▶ [SUPPLIED DATA]

>>>

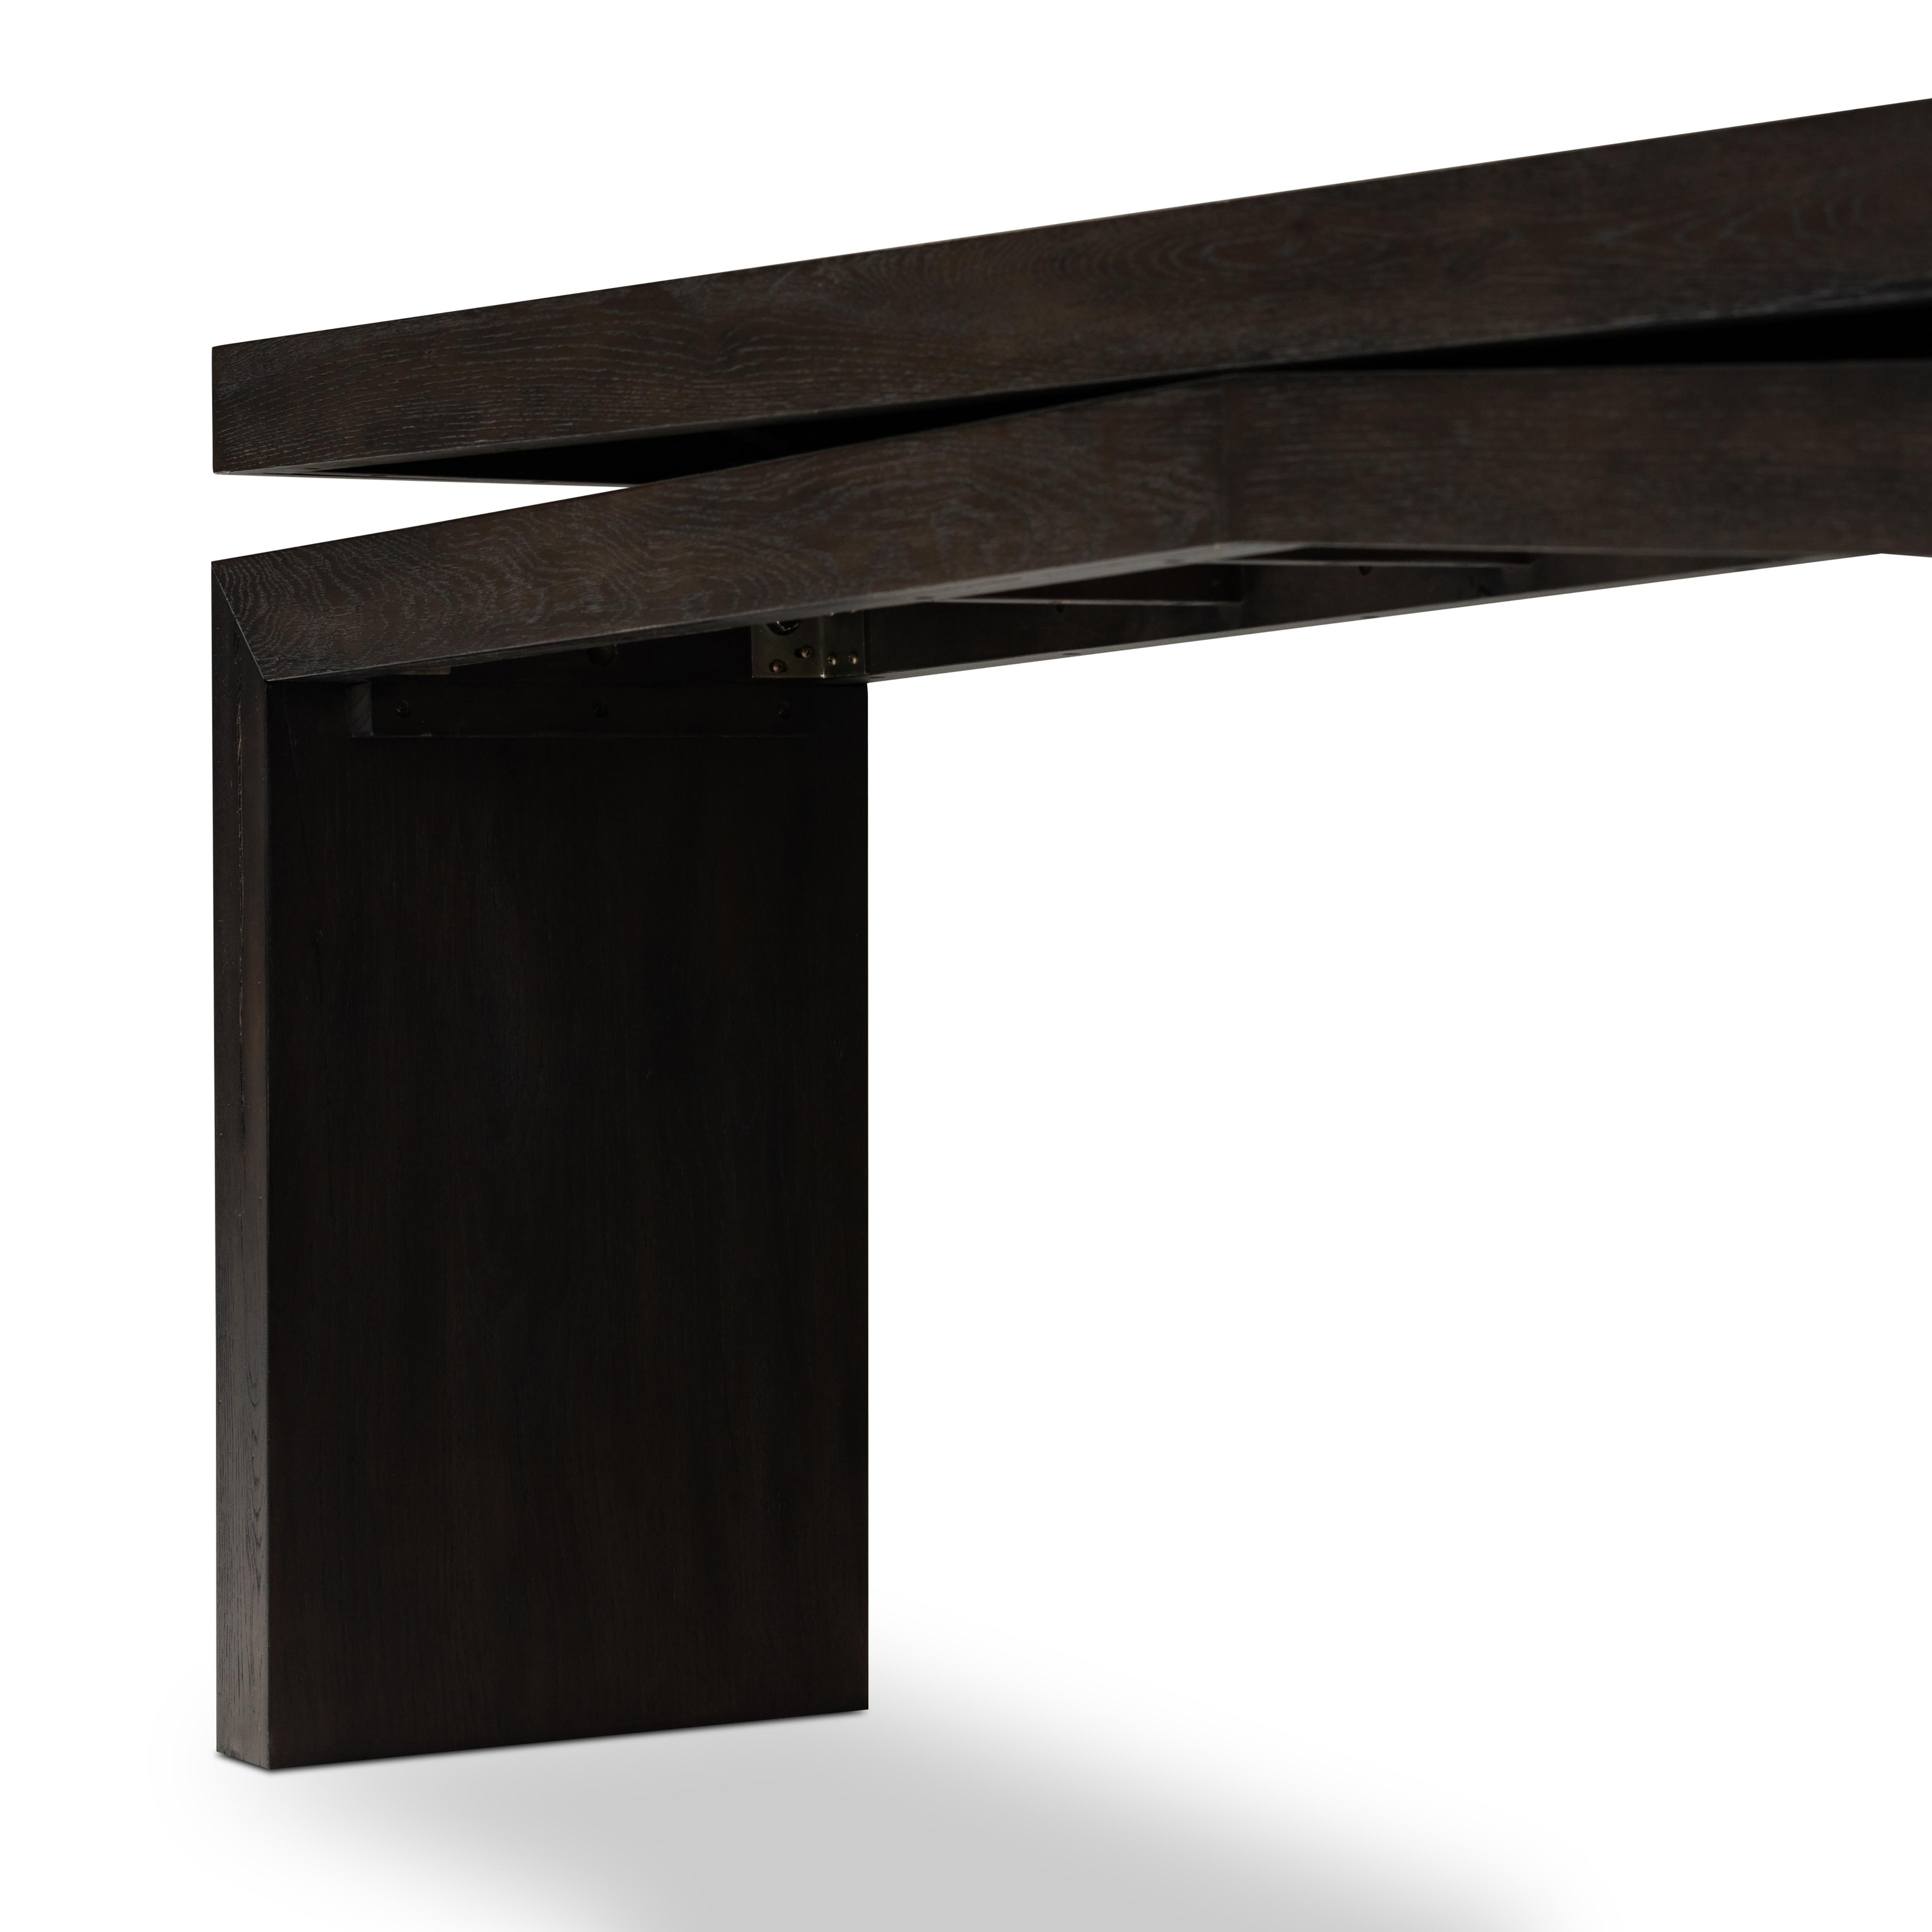 Matthes Console Table-Smoked Black - Image 8
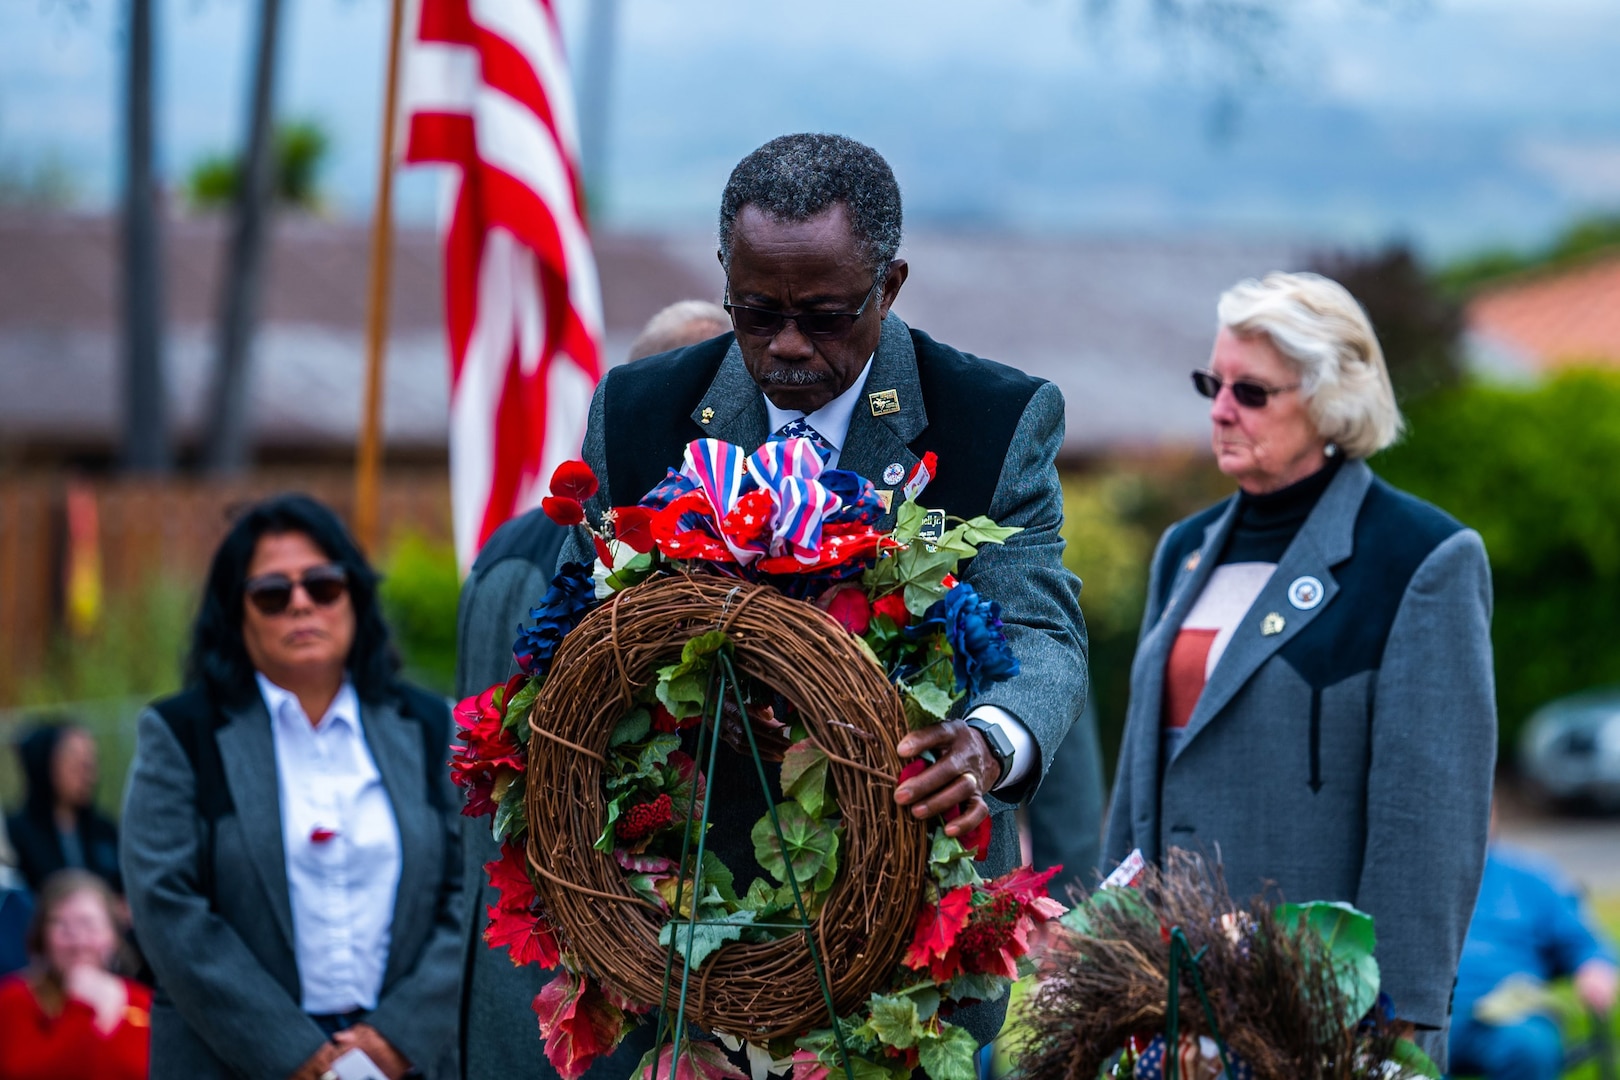 A man lays a wreath down during a Memorial Day ceremony at a cemetery.
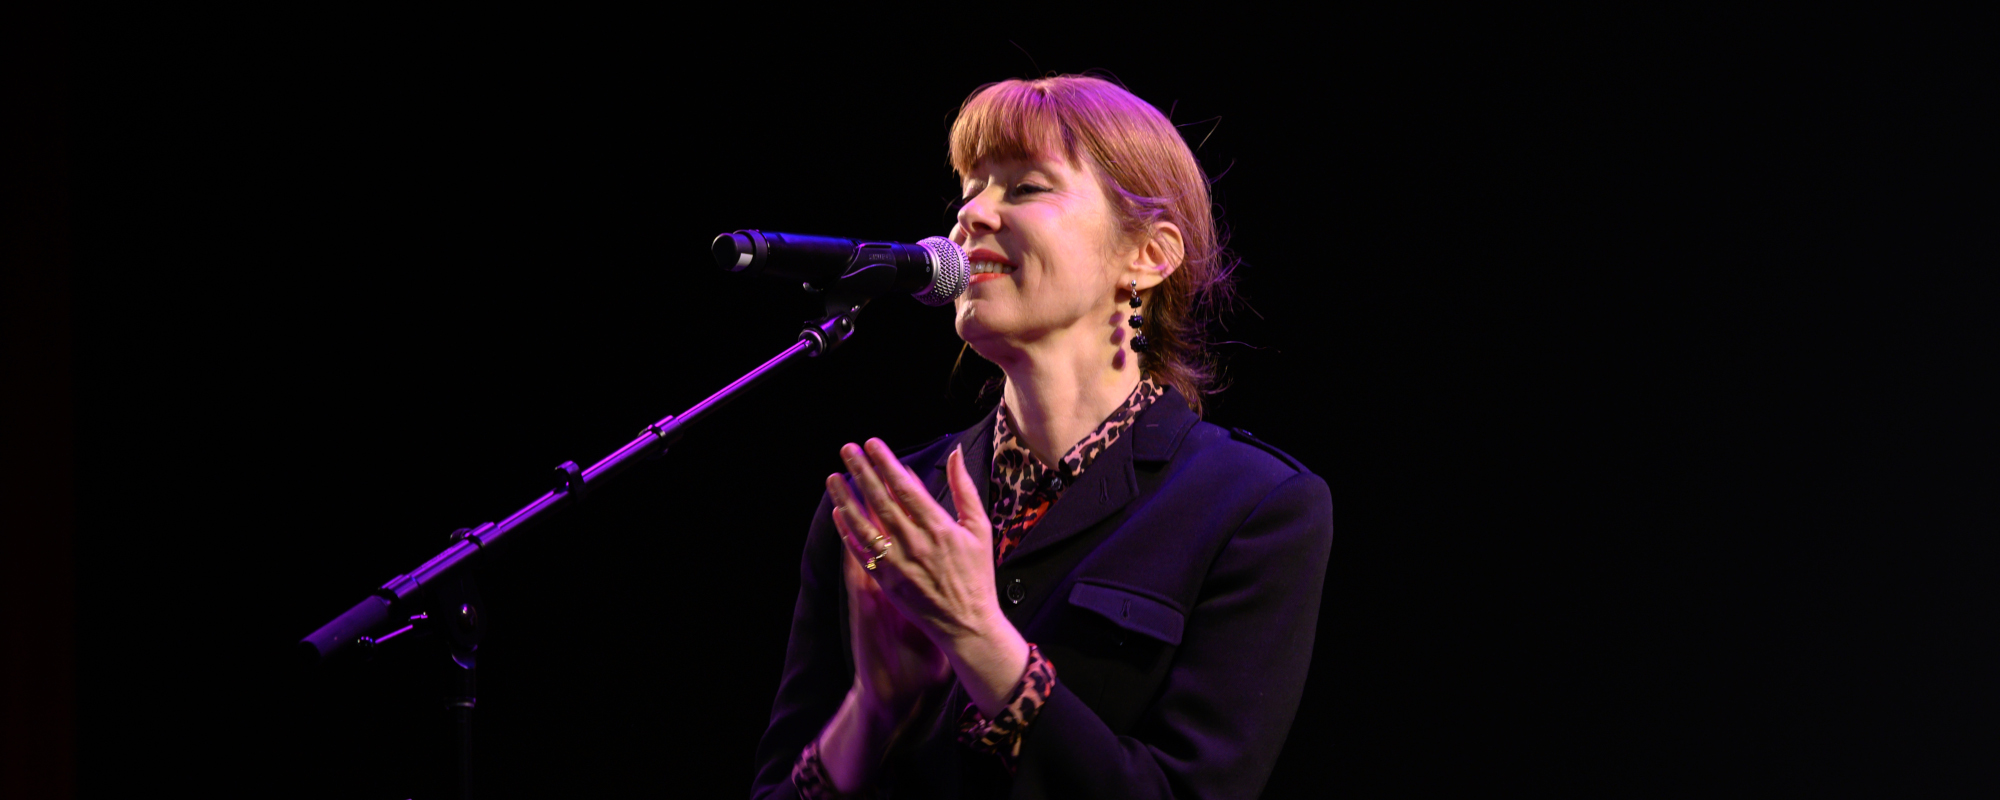 Where Are They Now? Singer/Songwriter Suzanne Vega

<<<

Reproduce all the material exactly, omitting images.

▶ [RESPONSE TO THE EXERCISE]
 Matthes Console Table-Smoked Black - Image 8
 A man lays a wreath down during a Memorial Day ceremony at a cemetery.
 Where Are They Now? Singer/Songwriter Suzanne Vega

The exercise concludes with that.